Different provinces experimented differently with the new paper money.  Under the Massachusetts plan, it was issued by the provincial government and spent into the economy.  The system worked well until the Massachusetts government got overzealous and issued too much, when the paper ‘scrip’ became seriously devalued.  Despite that flaw, the Massachusetts scrip served to fund rapid economic development that would not otherwise have occurred.  But it was the colonial scrip of the Pennsylvania provincial government that was the admiration of all.  The Pennsylvania bank lent money into the community, to be repaid by borrowers at interest to the provincial government.  Because the scrip was returned to its source, the money supply did not become over-inflated and the currency retained its value.  It also returned profits to the government, sometimes funding half the province’s budget. (6)  This paper money scheme, said Franklin, was the reason Pennsylvania "has so greatly increased in inhabitants" having replaced "the inconvenient method of barter" and given "new life to business [and] promoted greatly the settlement of new lands (by lending small sums to beginners on easy interest)." 


The Real Cause of the American Revolution 


The colonies thrived without silver or gold until 1751, when paper ‘legal tender’ was outlawed in New England by King George II.  The result was to force the colonists to borrow the British bankers’ silver and gold (or their paper banknotes that were ostensibly receipts for it).  In 1764, Parliament extended the ban on paper money to all of the colonies, and ordered that only gold and silver could be used to pay taxes.  Only a year later, Franklin wrote in his Autobiography, the streets of the colonies were filled with unemployed beggars, just as they were in England.  The money supply had been suddenly reduced by half, leaving insufficient funds to pay for the goods and services these workers could have provided.  This, Franklin said, was the real reason for the Revolution.  It was "the poverty caused by the bad influence of the English bankers on the Parliament which has caused in the colonies hatred of the English and …. The Revolutionary War." 


The colonists won the Revolution against the British Crown, but they lost the right to create their own money to the British bankers and their cronies in America.  The bankers won by stealth, propaganda, and misrepresentation concerning the nature of money and banking.  In 1863, Congress under President Abraham Lincoln broke free and again issued its own paper notes, which were used to finance the North’s victory in the Civil War.  But after the war was over, the ‘Greenbacks’ were withdrawn and bankers paper notes were substituted.  In 1913, the exclusive right to issue the nation’s currency was usurped by a private central bank called the ‘Federal Reserve’, although it is not federal and keeps no gold reserves.  In 1934, President Franklin Roosevelt took the country off the gold standard.  Today, all of our money is ’fiat’ money (money ‘by decree’), issued by private banks as credit either to the government or to individuals and corporations.


The Greenback Solution


A $7.7 trillion (+) debt tsunami is currently bearing down on the United States.  Congress needs to liquidate it before it liquidates the United StatesBut how?  The debt was created by sleight of hand.  It can be eliminated by sleight of hand.  Factional reserve lending can be abolished by legislative fiat.  The Federal Reserve can be made what most people think it now is – a truly ‘federal’ institution – and the power to create money can be returned to the people.  
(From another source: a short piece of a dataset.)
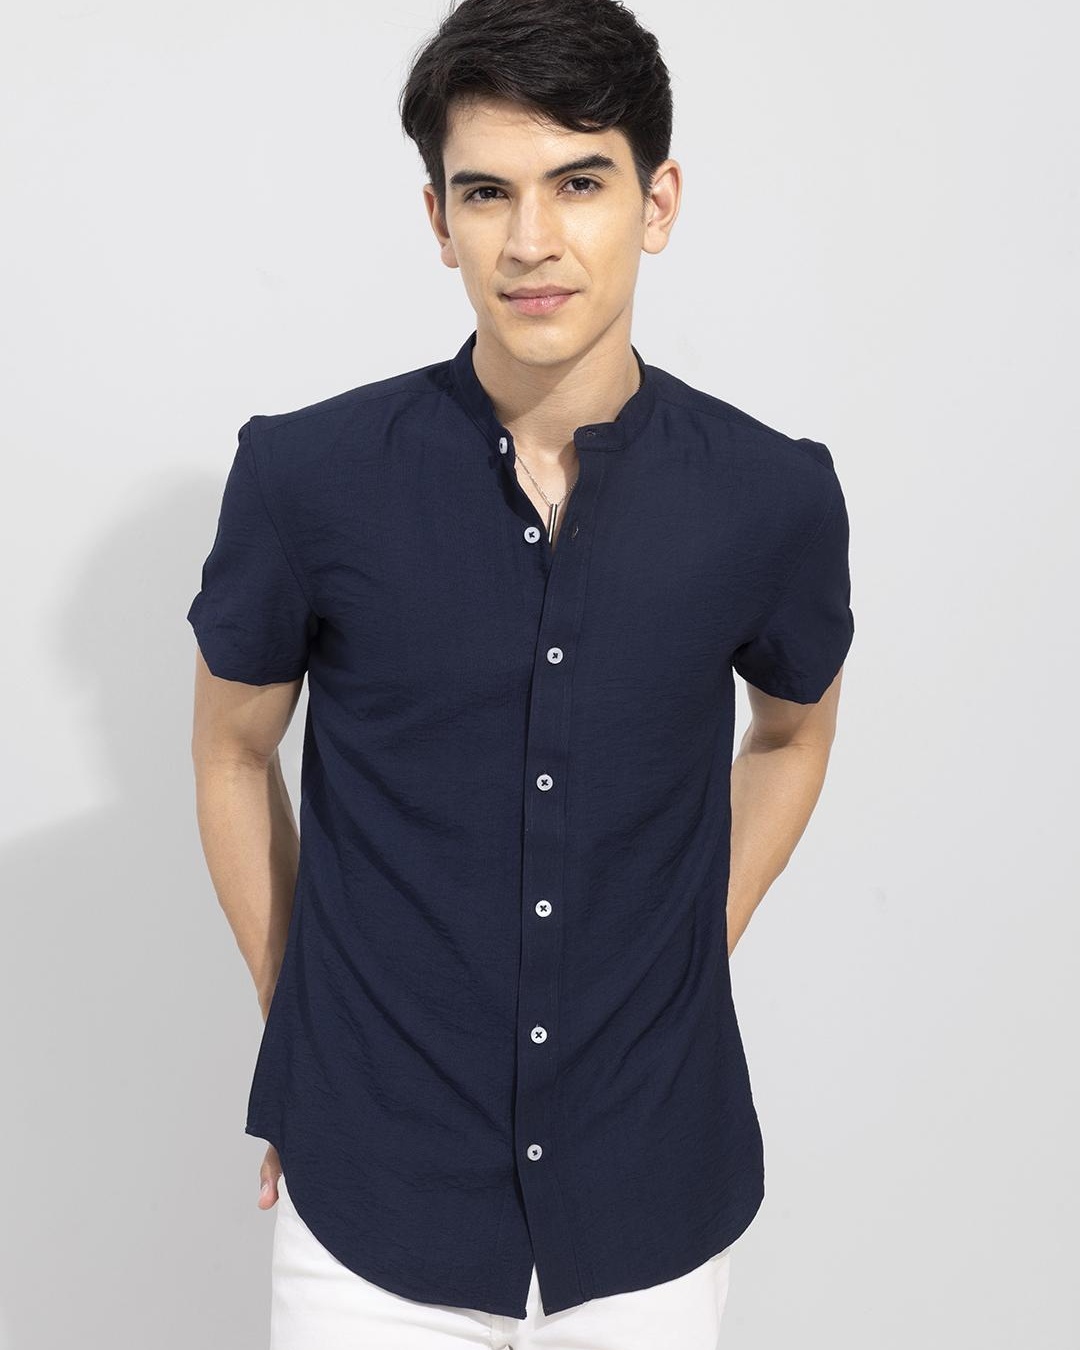 Buy Men's Blue Slim Fit Shirt Online at Bewakoof

The $7.7 trillion federal debt was created with accounting entries on a computer screen.  It can be eliminated in the same way.  The simplicity of the procedure was demonstrated in January 2004, when the US Treasury called a 30-year bond issue before its due date.  The Treasury’s action generated some controversy, since government bonds are generally considered good until maturity.  (7)  But calling (or paying off) a bond before its due date is done routinely by other issuers.  Corporations and municipalities buy back their bonds whenever it is advantageous for them to do so.  When interest rates fall, they call their bonds in order to refinance their debt at lower rates.  The difference between a bond called by a corporation and one called by the US Treasury is that the Treasury has the power to make payment solely with a bookkeeping entry, without ‘real’ money backing it up.   And that appears to be exactly what was done in this case.  The Treasury cancelled its promise to pay interest on these particular bonds simply by announcing its intention to do so (or by fiat, as they say in French).  Then it paid the principal with an accounting entry.  Here is its January 15, 2004 announcement: 


TREASURY CALLS 9-1/8 PERCENT BONDS OF 2004-09 


"The Treasury today announced the call for redemption at par on May 15, 2004 of the 9-1/8% Treasury Bonds of 2004-09, originally issued may 15, 1979, due May 15, 2009 (CUSIP No 9112810CG1).  There are $4,606 million of these bonds outstanding, of which $3,109 million are held by private investors.  Securities not redeemed on May 15, 2004 will stop earning interest.   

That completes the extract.